◆ Collected data ◆
######

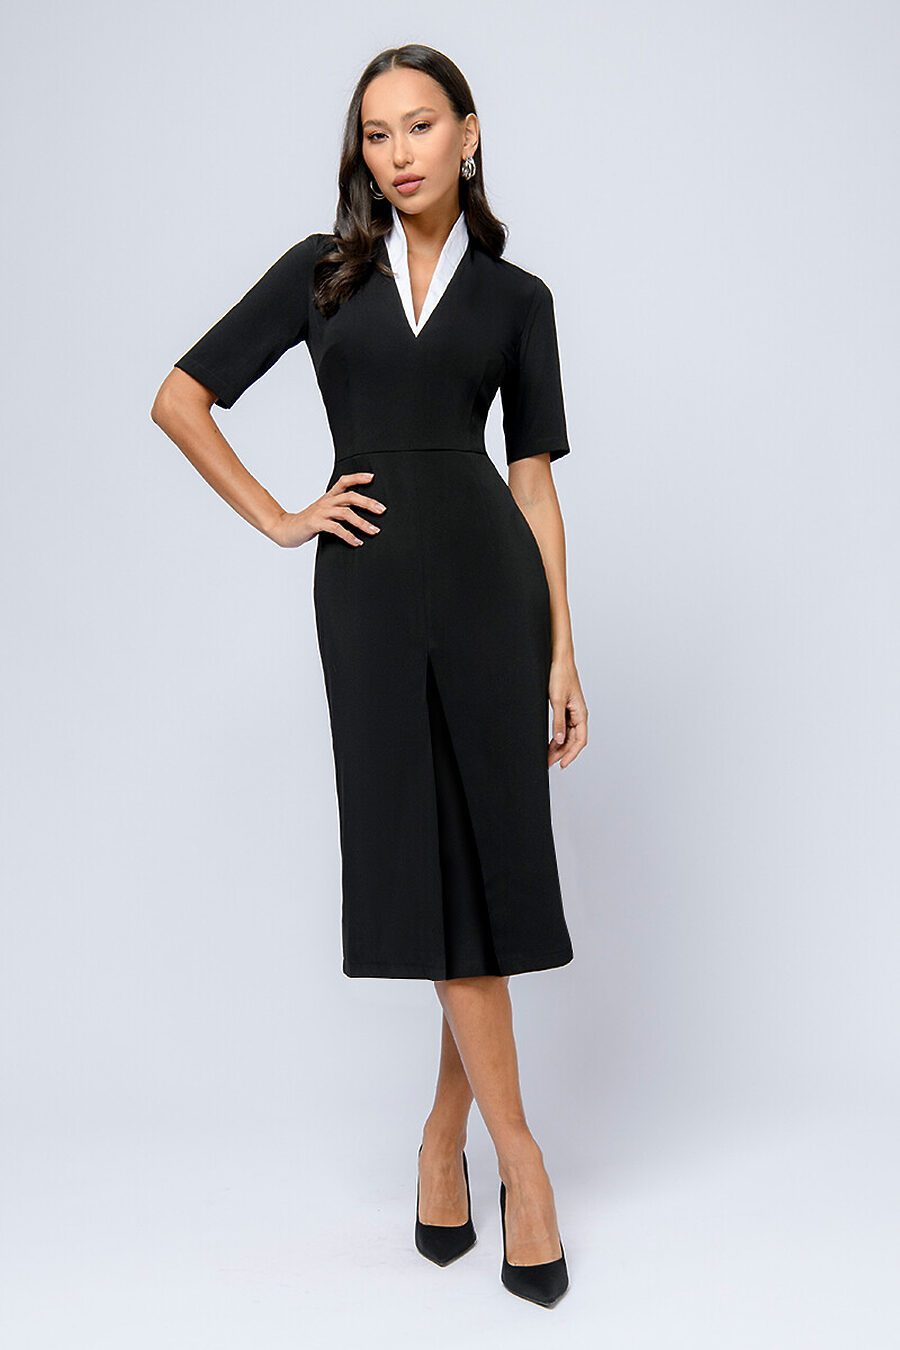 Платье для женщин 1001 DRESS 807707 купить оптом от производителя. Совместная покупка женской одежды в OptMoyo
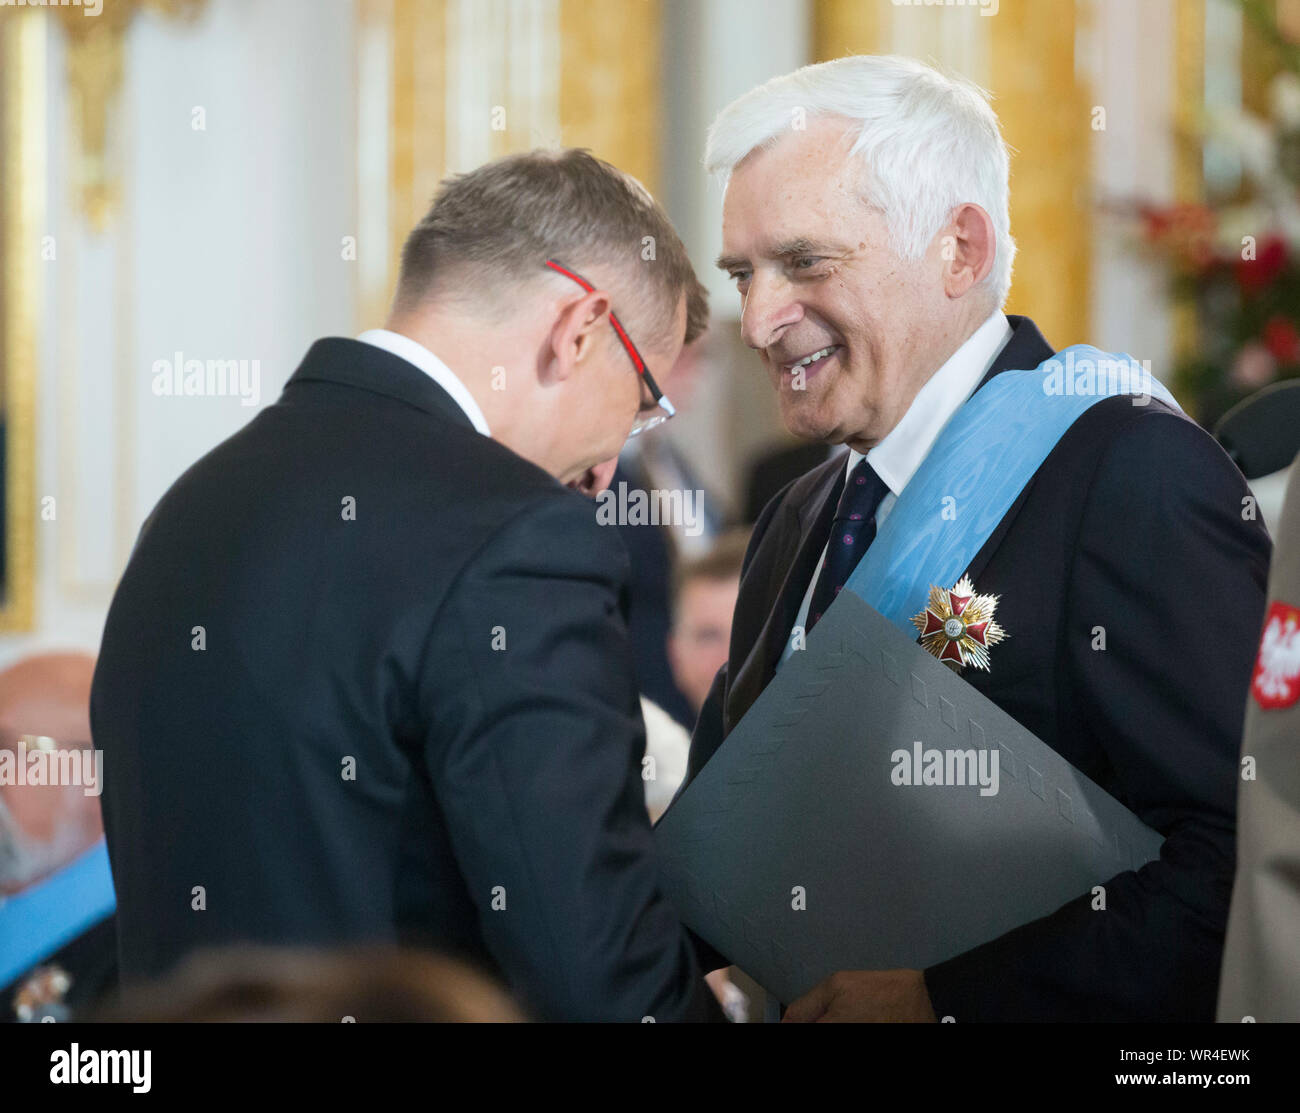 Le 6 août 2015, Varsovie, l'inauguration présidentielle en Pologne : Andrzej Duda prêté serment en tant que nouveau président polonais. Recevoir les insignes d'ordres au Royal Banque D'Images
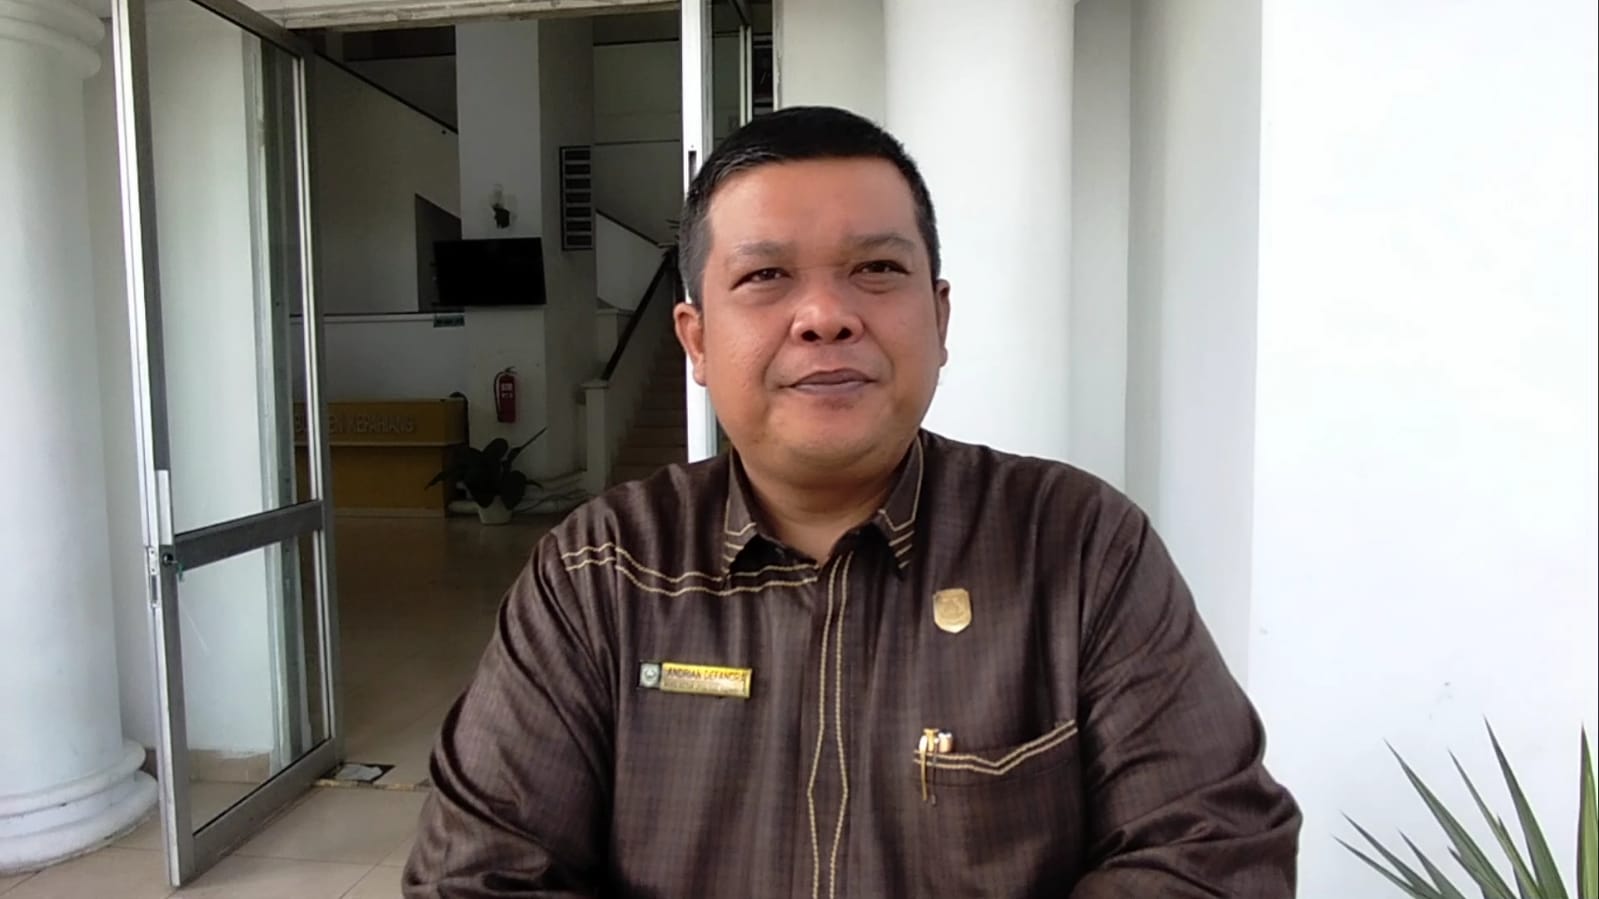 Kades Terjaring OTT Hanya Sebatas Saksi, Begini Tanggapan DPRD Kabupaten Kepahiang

######

◆ Instructions to follow ◆
From the line holding "Le 6 août 2015, Varsovie, l'inauguration" through the last line of the material above, each line should be written out exactly, both included; omit the pictures.

◆ Answer for the task ◆
 Le 6 août 2015, Varsovie, l'inauguration présidentielle en Pologne : Andrzej Duda prêté serment en tant que nouveau président polonais. Recevoir les insignes d'ordres au Royal Banque D'Images
 Kades Terjaring OTT Hanya Sebatas Saksi, Begini Tanggapan DPRD Kabupaten Kepahiang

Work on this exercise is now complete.